In our study we found that on univariate analysis NRD was associated with increased adverse events, length of stay and 30-day unplanned readmission. When controlling for patient- and hospital-related factors, we found that female sex, non-Hispanic Black race, BMI, dependent functional status, malnourishment and longer LOS were independently associated with NRD. However, NRD did not independently predict an unplanned 30-day readmission.



中文翻译:

腰椎滑脱腰椎减压融合术后非常规出院的患者和医院相关危险因素

客观的

在各种脊柱手术中,非常规出院与较差的结果有关。

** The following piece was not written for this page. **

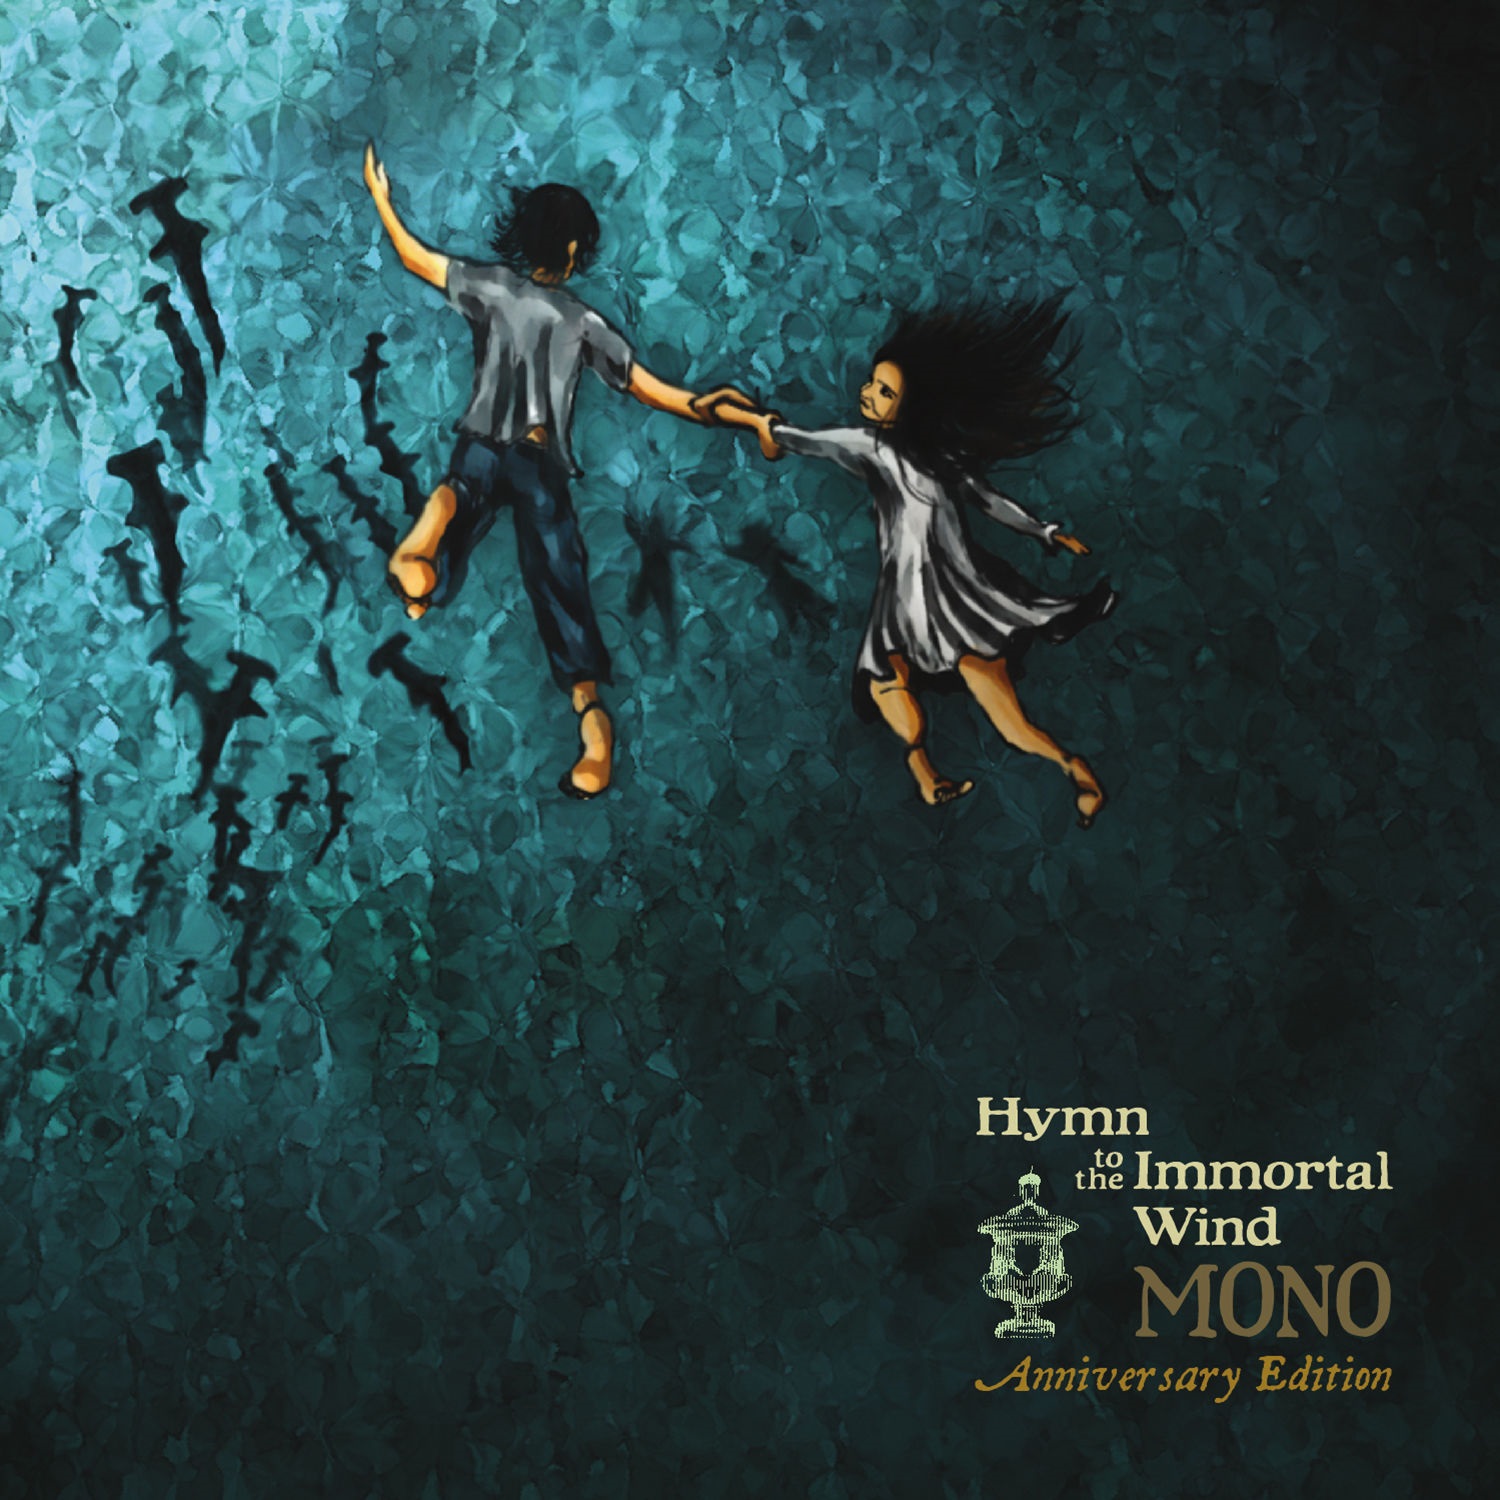 Mono - Hymn to the Immortal Wind (Anniversary Edition) (2009/2019) [FLAC 24bit/44,1kHz]

然而,关于脊椎滑脱患者非常规出院与护理质量之间关系的数据很少。本研究的目的是确定腰椎滑脱脊柱减压融合术后非常规出院的独立预测因素。

方法

从 2010 年到 2016 年,使用美国外科学院 (ACS) 国家手术质量改进计划 (NSQIP) 数据库进行了一项回顾性队列研究。使用 ICD 确定了接受脊柱减压和融合治疗腰椎滑脱的成年患者(≥18 岁) -9-CM 诊断和 CPT 程序编码系统。研究人群根据出院情况分为两组:常规(RD)和非常规出院(NRD)。评估了患者的人口统计学、合并症、不良事件、LOS、再手术和再入院。使用多变量逻辑回归模型来确定非居家出院和 30 天计划外再入院的独立预测因素。

结果

共确定了 5252 名患者,其中 4316 名(82.2%)患有 RD,936 名(18.8%)患有 NRD。NRD 队列往往年龄较大 ( p < 0.001 ) 且 BMI 较高 ( p < 0.001 )。经历 NRD 的患者 LOS 更长(NRD:4.7 ± 3.7 天 vs RD:3.1 ± 2.0 天,p < 0.001),不良事件比例更高(p < 0.001),再手术率更高(p = 0.005)和计划外的 30 天再入院率 ( p < 0.001 )。在多元回归分析中,年龄 [OR: 1.08, 95% CI (1.06–1.10), p < 0.001 ],女性 [OR: 2.01, 95% (1.51–2.69), p < 0.001 ],非西班牙裔黑人种族/种族[或:2.10, 95% CI (1.36–3.24), p = 0.001 ], BMI [OR: 1.03, 95% CI (1.01–1.05), p = 0.007 ], 依赖功能状态 [OR: 3.33, 95% CI (1.59 – 6.99), p = 0.001 ], 营养不良 [OR: 2.14, 95% CI (1.27–3.62), p = 0.005 ], 和 LOS [OR: 1.26, 95% CI (1.18–1.33), p < 0.001 ] NRD 的独立预测因子。然而,NRD 并未独立预测多变量分析中计划外的 30 天再入院。

结论

在我们的研究中,我们发现单变量分析 NRD 与不良事件增加、住院时间和 30 天计划外再入院有关。在控制患者和医院相关因素时,我们发现女性、非西班牙裔黑人种族、BMI、依赖功能状态、营养不良和较长的 LOS 与 NRD 独立相关。然而,NRD 并未独立预测计划外的 30 天再入院。